For many years now, there has been controversy over companies misclassifying their employees as independent contractors.
AB5 (“Assembly Bill 5”) is a recent piece of legislation making all employment relationships in California employer-employee relationships unless proven otherwise by the employer.
The purpose of the Bill was for independent contractors to be presumed as employees unless the employer can show they fall within one of the exceptions to AB5.
This article discusses these exceptions.
What Was the Intended Purpose of AB5?
Nicknamed the “Gig Worker Bill,” AB5 was written to focus on companies like Uber and Lyft that treat their drivers as independent contractors.
California employment laws requiring employees to be paid minimum wage, overtime pay, and unemployment insurance do not apply to independent contractors.
This can therefore leave those workers unprotected, without workplace protections, and is why people in these positions want to be considered employees rather than independent contractors.
While the desired effect of AB5 was to help those in positions like the drivers for Uber and Lyft as noted above, the result has affected the majority of companies in California using independent contractors.
Understandably, the passing of AB5 will have a significant monetary implication for both employers and employees throughout California.
So, how is it decided if a worker is an employee?
Dynamex Operations West, Inc. v.

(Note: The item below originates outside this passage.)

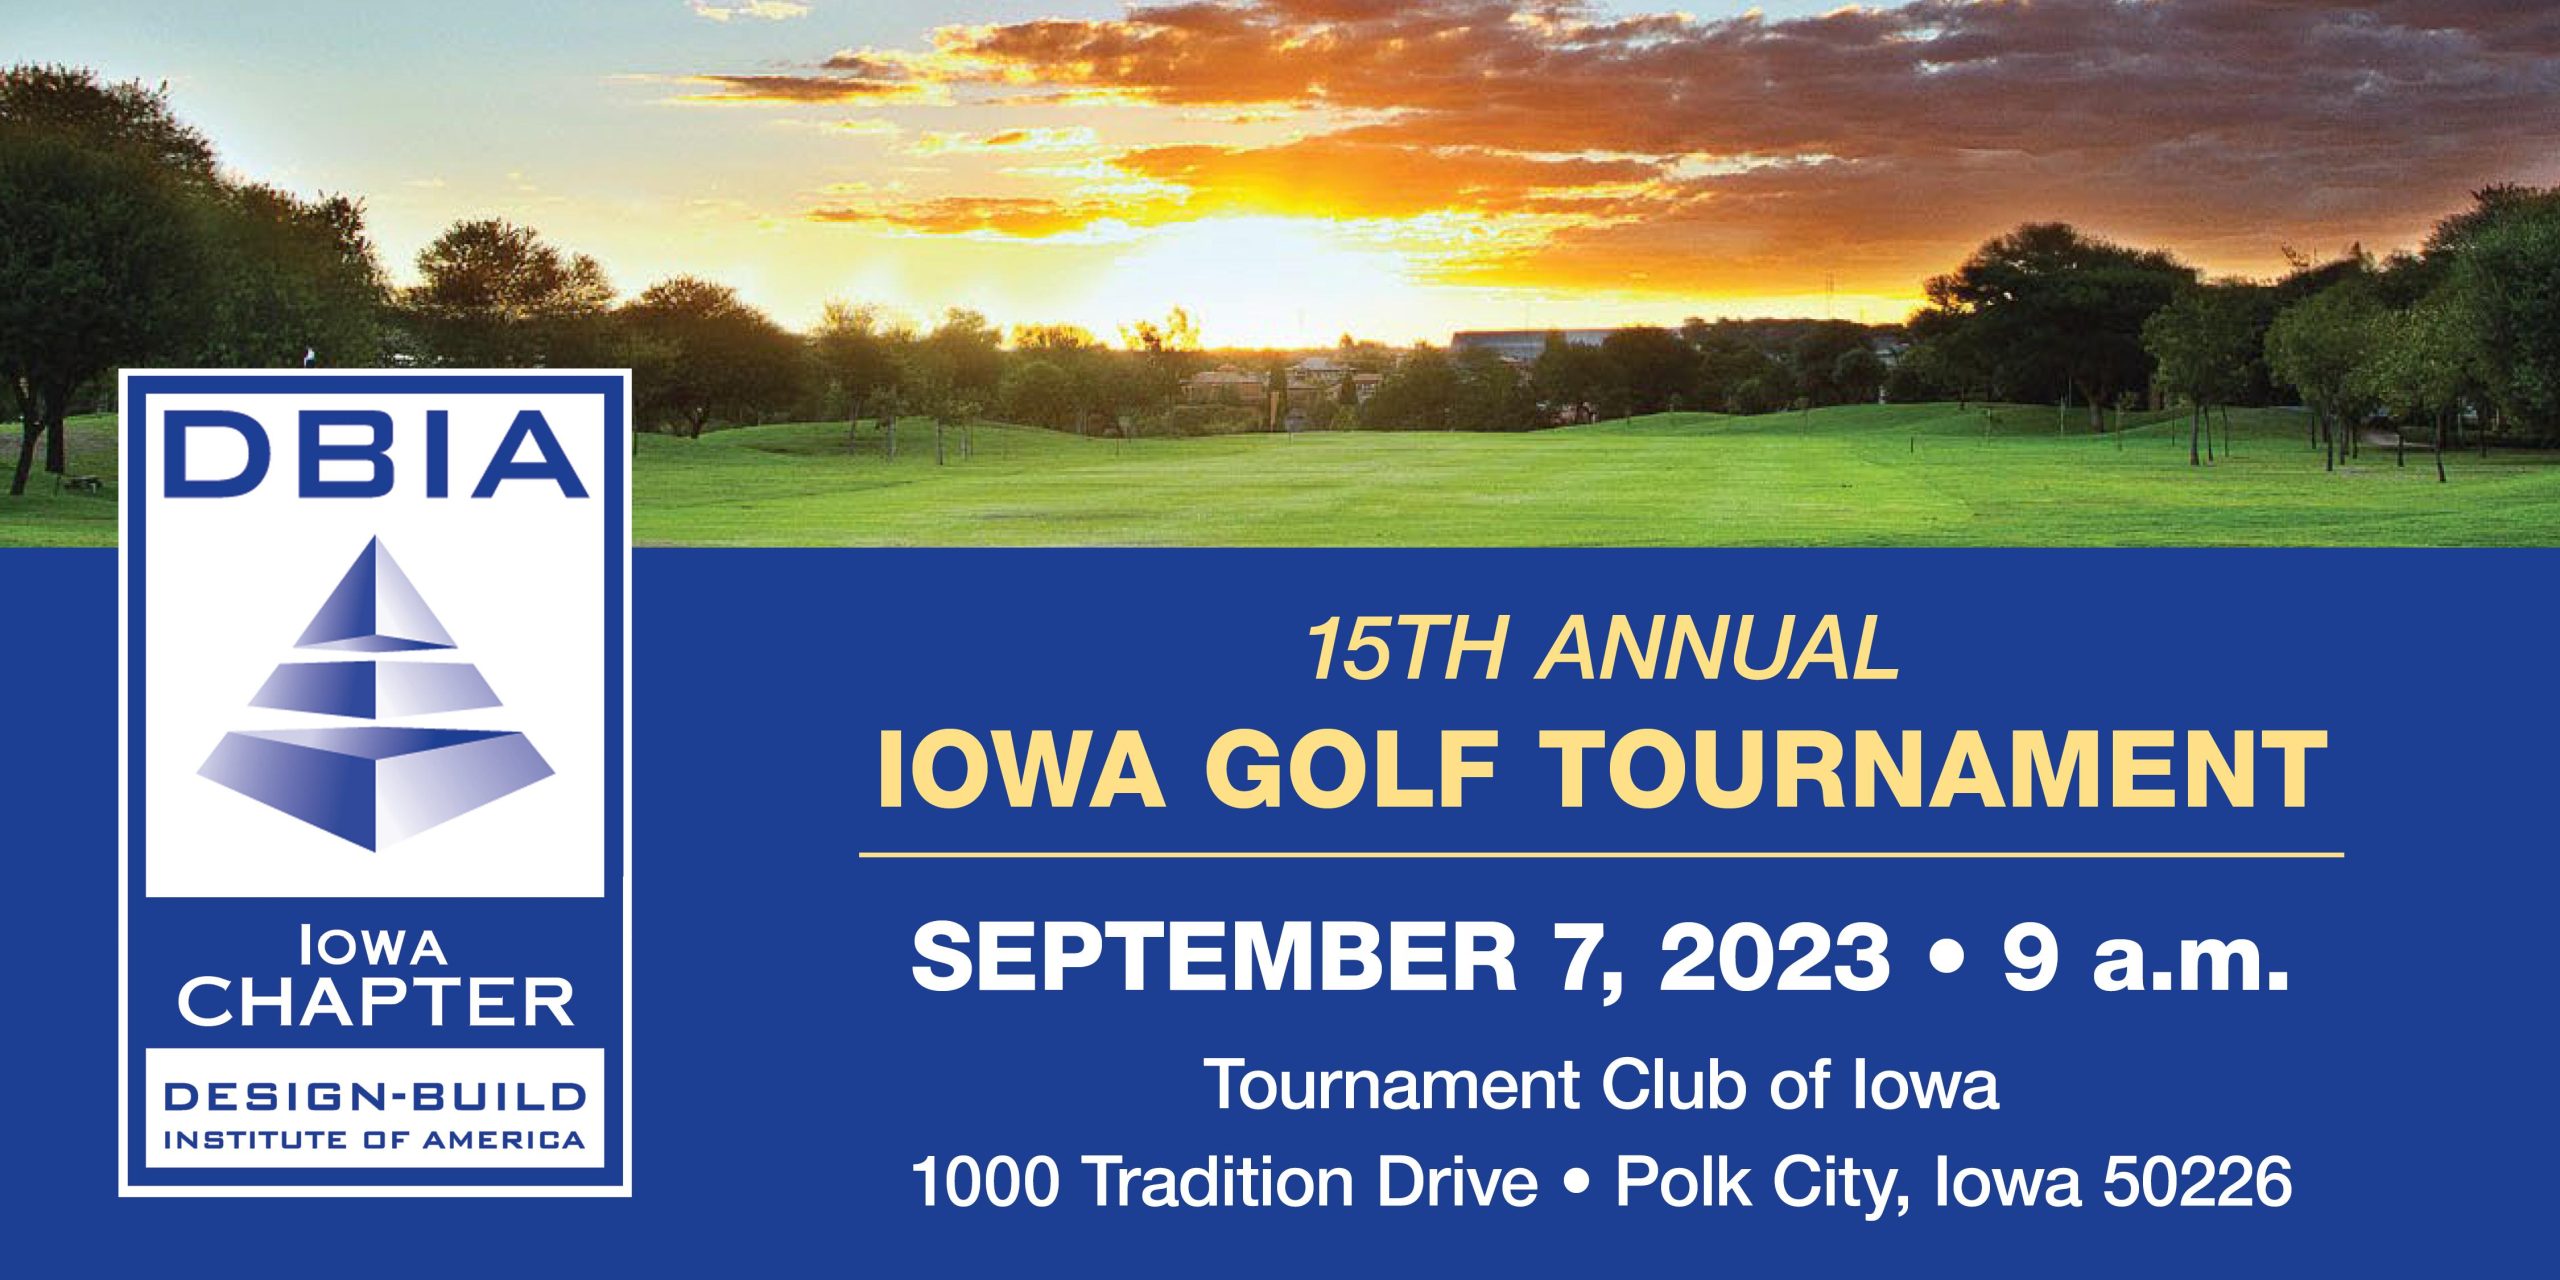 DBIA-Iowa | Golf Tournament

Superior Court and the ABC test
AB5 codified and expanded the “ABC” test adopted by the California Supreme Court in Dynamex Operations West, Inc. v. Superior Court for determining whether workers in California should be classified as employees or as independent contractors.

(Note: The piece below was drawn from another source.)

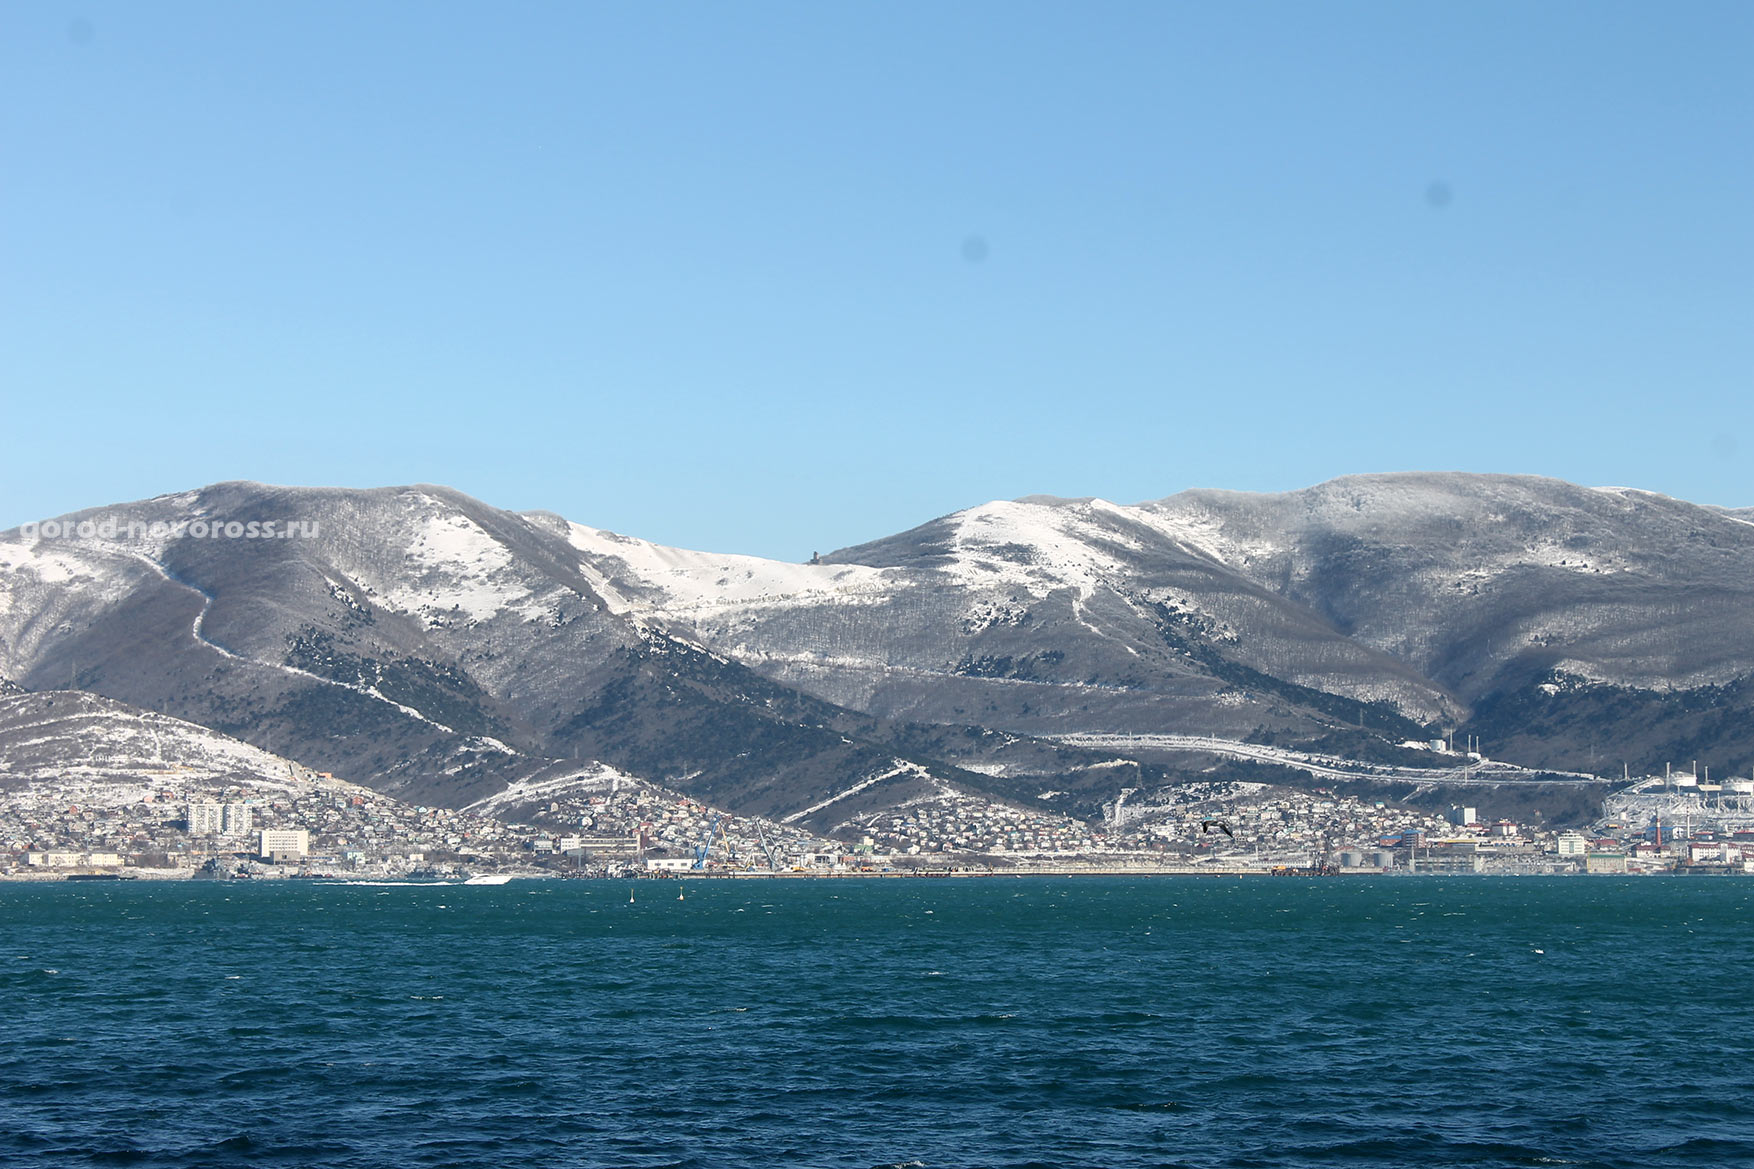 Вид на море и горы со снегом. Зима 2014. Новороссийск

Under this test, a worker is presumed to be an employee unless the employer can prove otherwise. The burden is on the employer to show the worker is an independent contractor rather than an employee.
There are three limbs to the ABC test, and all must be satisfied for the worker to be considered an independent contractor:
1. the worker is free from control and direction in the performance of services; and
2. the worker is performing work outside the usual course of the business of the hiring company; and
3. the worker is customarily engaged in an independently established trade, occupation, or business.
Who is Exempt From AB5?
The statute was aimed at ridesharing and food delivery companies that treat drivers as independent contractors.
It was, however, broadly written and passed with little discussion which has caused room for interpretation and some confusion.
Many have raised issue with the last-minute exceptions from the ABC test that appear to not make any sense other than they were ones raised before lawmakers passed the legislation.
The exemptions originally added to the AB5 were:
- Insurance agents
- Real estate agents
At eight months since the legislation was passed, more industries have been exempted from AB5.
On September 4, 2020, Governor Gavin Newsom signed AB 2257, which immediately exempts the following professions from the ambit of AB5:
- Fine artists
- Freelance writers
- Still photographers
- Freelance editors
- Newspaper cartoonists
- Copy Editors
- Musicians with single-engagement live performances
- Musicians involved in sound recordings or musical compositions
- Insurance inspectors
- Real estate appraisers
- Manufactured housing salespersons
- Youth sports coaches
- Landscape architects
- Professional foresters
These new exemptions may be just the start of amendments to AB5 that will carve out other industries and occupations.
Since AB5 came into law on January 1, 2020, employers are already lobbying for changes and it’s unlikely that this will be the end of it. Unsurprisingly, businesses are unhappy with the increased obligations this legislation burdens them with.
It appears that there is an amount of fluidity in the exceptions right now and therefore it’s likely changes may be made to the application of the law as time goes on.
So, What Does The Future Look Like Under AB5?
This is a new piece of law that hasn’t had the chance to be tested and challenged yet. It is still very much in the early stages of its inception and interpretation is still unclear.
The true meaning of AB5 is likely to only be understood once judicial direction is given on a matter being heard at court.
It seems that there are likely to be some challenges under the AB5 as new requests for exceptions are put through.
Given the expense to businesses of giving workplace benefits to each of its workers who otherwise would not have been entitled, it is likely we will see more businesses challenging the Bill.
AB5 will have far-reaching implications for businesses and workers both in California and beyond. Only time will tell what the true impact of the legislation will be for both parties.